The order $M$ of the modulation.

Examples:

>>> pam = komm.PAModulation(4)
>>> pam.order
4

bits_per_symbol int cached property

The number $m$ of bits per symbol of the modulation. It is given by $$ m = \log_2 M, $$ where $M$ is the order of the modulation.

Examples:

>>> pam = komm.PAModulation(4)
>>> pam.bits_per_symbol
2

energy_per_symbol float cached property

The average symbol energy $E_\mathrm{s}$ of the constellation. It assumes equiprobable symbols. It is given by $$ E_\mathrm{s} = \frac{1}{M} \sum_{i \in [0:M)} \lVert x_i \rVert^2, $$ where $\lVert x_i \rVert^2$ is the energy of constellation symbol $x_i$, and $M$ is the order of the modulation.
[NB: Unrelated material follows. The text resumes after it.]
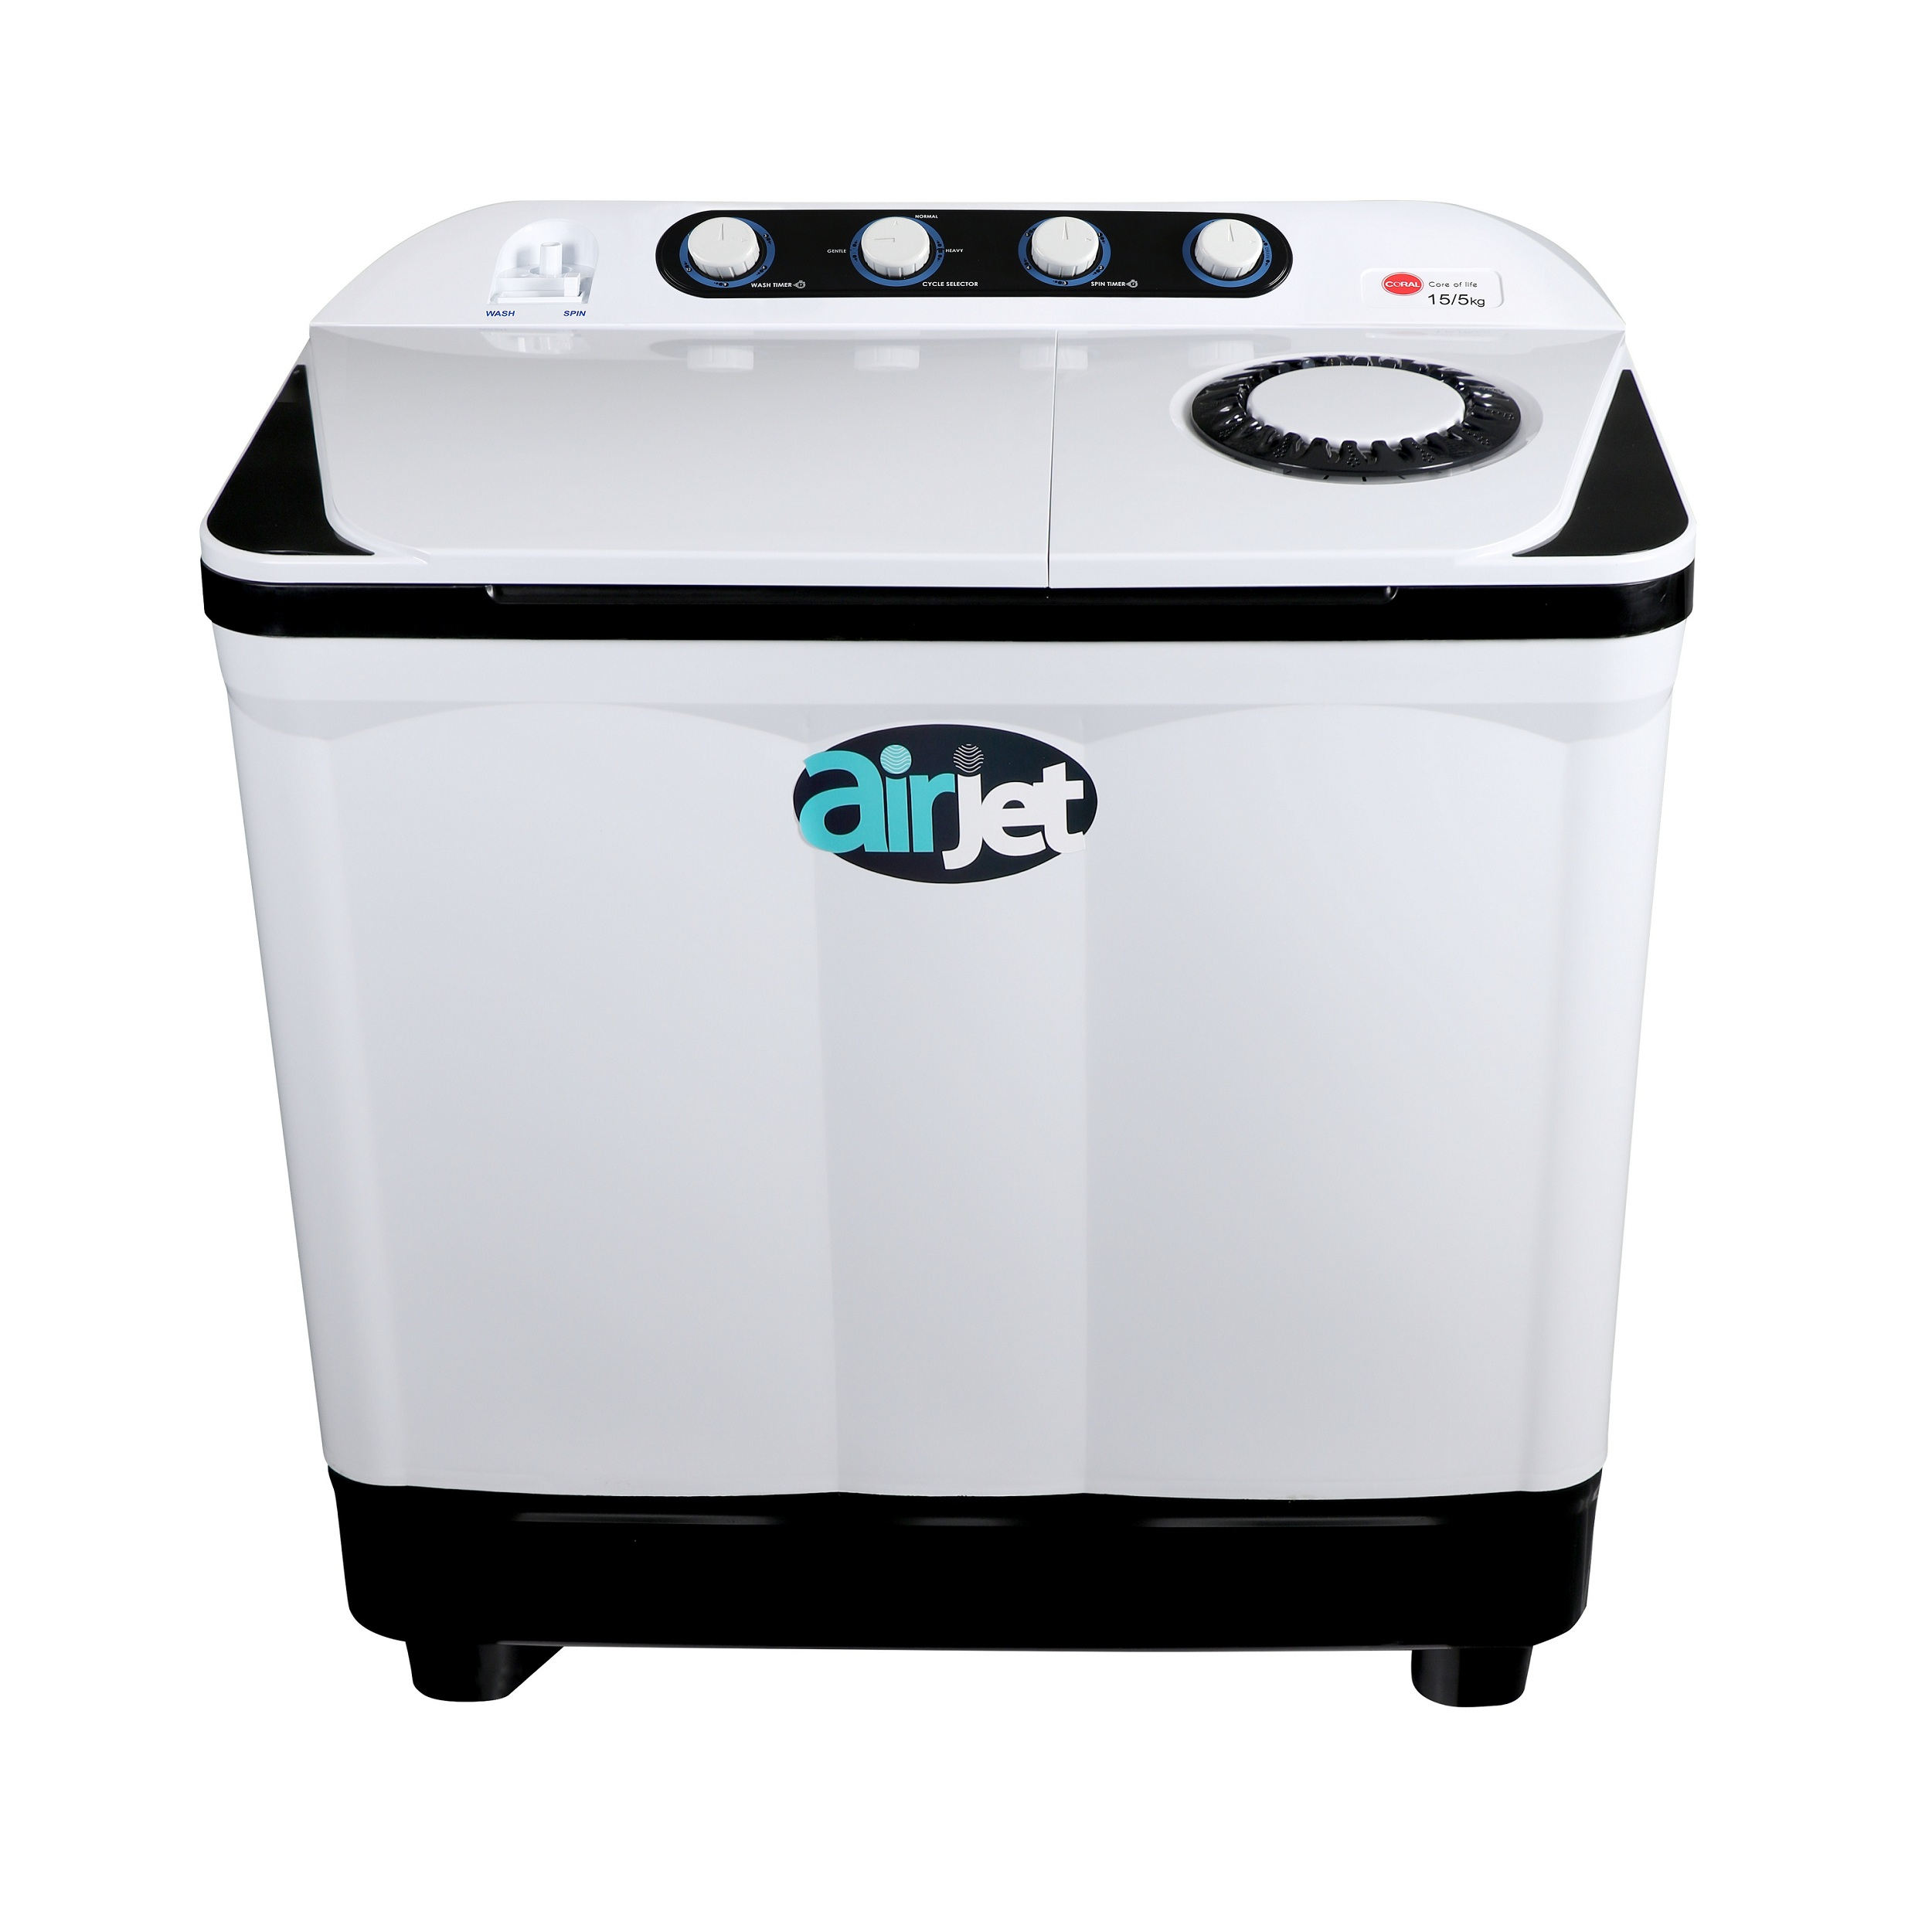 ماشین لباسشویی کرال مدل TTW 15514 FJ ظرفیت 15.5 کیلوگرم

For the PAM, it is given by $$ E_\mathrm{s} = \frac{A^2}{3}(M^2 - 1). $$

Examples:

>>> pam = komm.PAModulation(4)
>>> pam.energy_per_symbol
5.0

energy_per_bit float cached property

The average bit energy $E_\mathrm{b}$ of the constellation. It assumes equiprobable symbols. It is given by $$ E_\mathrm{b} = \frac{E_\mathrm{s}}{m}, $$ where $E_\mathrm{s}$ is the average symbol energy, and $m$ is the number of bits per symbol of the modulation.

Examples:

>>> pam = komm.PAModulation(4)
>>> pam.energy_per_bit
2.5

symbol_mean float cached property

The mean $\mu_\mathrm{s}$ of the constellation. It assumes equiprobable symbols. It is given by $$ \mu_\mathrm{s} = \frac{1}{M} \sum_{i \in [0:M)} x_i. $$

For the PAM, it is given by $$ \mu_\mathrm{s} = 0. $$

Examples:

>>> pam = komm.PAModulation(4)
>>> pam.symbol_mean
0.0

minimum_distance float cached property

The minimum Euclidean distance $d_\mathrm{min}$ of the constellation. It is given by $$ d_\mathrm{min} = \min_ { i, j \in [0:M), ~ i \neq j } \lVert x_i - x_j \rVert. $$

For the PAM, it is given by $$ d_\mathrm{min} = 2A. $$

Examples:

>>> pam = komm.PAModulation(4)
>>> pam.minimum_distance
2.0

modulate()

Modulates one or more sequences of bits to their corresponding constellation symbols.

Parameters:

  • input (ArrayLike)

    The input sequence(s). Can be either a single sequence whose length is a multiple of $m$, or a multidimensional array where the last dimension is a multiple of $m$.

Returns:

  • output (NDArray[floating])

    The output sequence(s). Has the same shape as the input, with the last dimension divided by $m$.

Examples:

>>> pam = komm.PAModulation(4)
>>> pam.modulate([0, 0, 1, 1, 0, 0, 0, 1])
array([-3.,  1., -3., -1.])

demodulate_hard()

Demodulates one or more sequences of received points to their corresponding sequences of hard bits ($\mathtt{0}$ or $\mathtt{1}$) using hard-decision decoding.

Parameters:

  • input (ArrayLike)

    The input sequence(s). Can be either a single sequence, or a multidimensional array.

Returns:

  • output (NDArray[integer])

    The output sequence(s). Has the same shape as the input, with the last dimension multiplied by $m$.

demodulate_soft()

Demodulates one or more sequences of received points to their corresponding sequences of soft bits (L-values) using soft-decision decoding. The soft bits are the log-likelihood ratios of the bits, where positive values correspond to bit $\mathtt{0}$ and negative values correspond to bit $\mathtt{1}$.

Parameters:

  • input (ArrayLike)

    The received sequence(s). Can be either a single sequence, or a multidimensional array.

  • snr (float)

    The signal-to-noise ratio (SNR) of the channel. It should be a positive real number. The default value is 1.0.

Returns:

  • output (NDArray[floating])

    The output sequence(s). Has the same shape as the input, with the last dimension multiplied by $m$.